We put the new laminate surface on all the counter tops. We chose a laminate rather than granite due
to the weight and the desire to ensure we kept the practicality of having
fiddle rails on the counters. If we went
with a granite or stone, we were not sure how we would have effectively mounted
fiddle rails on the edges.
After the laminate was down, we installed a shelf under the galley sink
that has an access panel from above for dry storage.
We then veneered all of the lower cabinets in African mahogany. This included the side of the cabinets (one
facing the nav station in the walkthrough the other facing the salon, and all
front drawer and cabinet panels. The
veneer was put in place using not only the Pressure Sensitive Adhesive that it
came with but also the standard contact cement on both surfaces method (like a
laminate). All of the new veneer
received a sanding with 240 grit sandpaper.

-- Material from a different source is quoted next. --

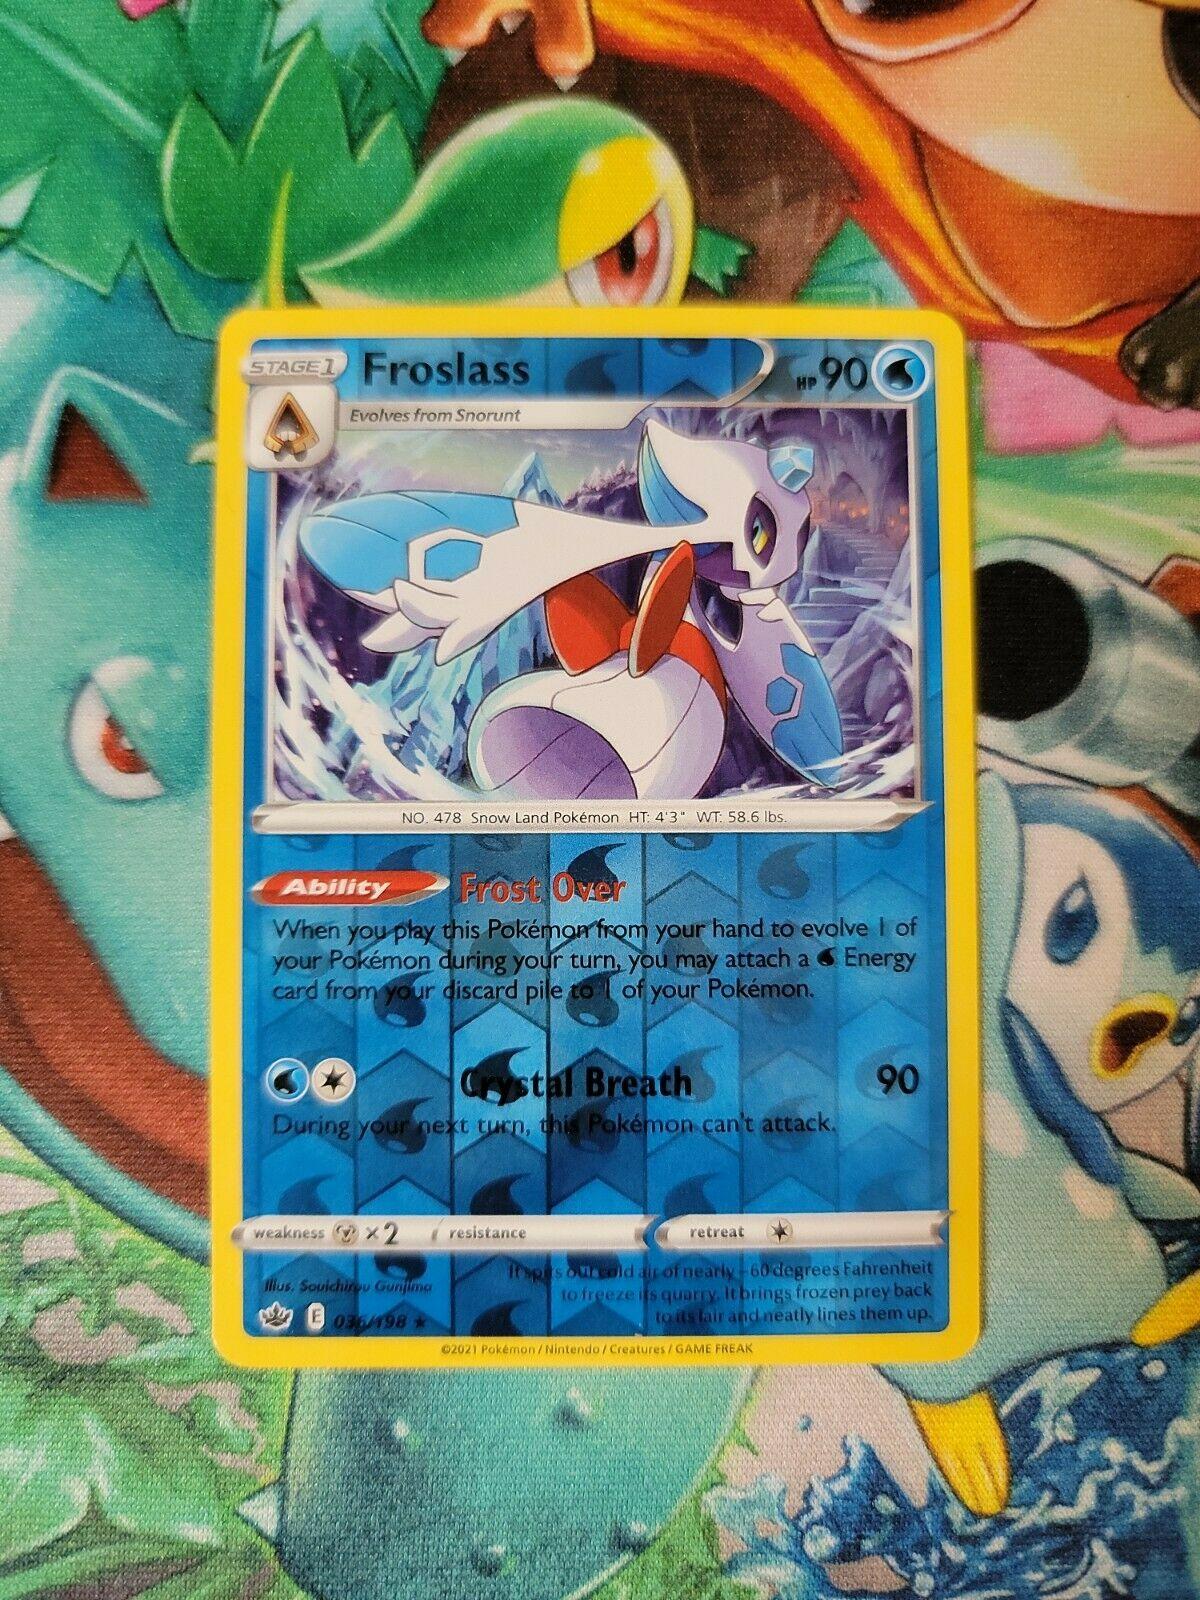 Pokemon Rare Reverse Holo Foil Froslass Card 036/198 SWSH Chilling Reign

This will smooth out the surface, blend in the joints and have a smooth
surface to put a finish on.
The rear wall of the galley was laminated in Teak rather than
Mahogany. We are trying to keep the
bulkhead walls in teak and really like the way it looks For this we removed the Electric Propane
control switch, cleaned the mating surfaces of all dust using a towel dampened
with denatured alchohal. This allows for
a fast drying time and allowed us to then coat both mating surfaces with
contact cement. The new wall was cut out
of a single large piece to fit the unique shape of the rear galley wall.
The
teak panel is 1/8th inch thick and made installing a little bit of a
challenge as you had to cut it with a saw to shape rather than a knife like the
thin veneer. (Tip: When applying contact cement to an area this
large, it was helpful to have 2 people, Deb applied it to the wall and I
applied it to the back of the teak panel, this allowed us to install it when it
just started to get tacky rather than dry.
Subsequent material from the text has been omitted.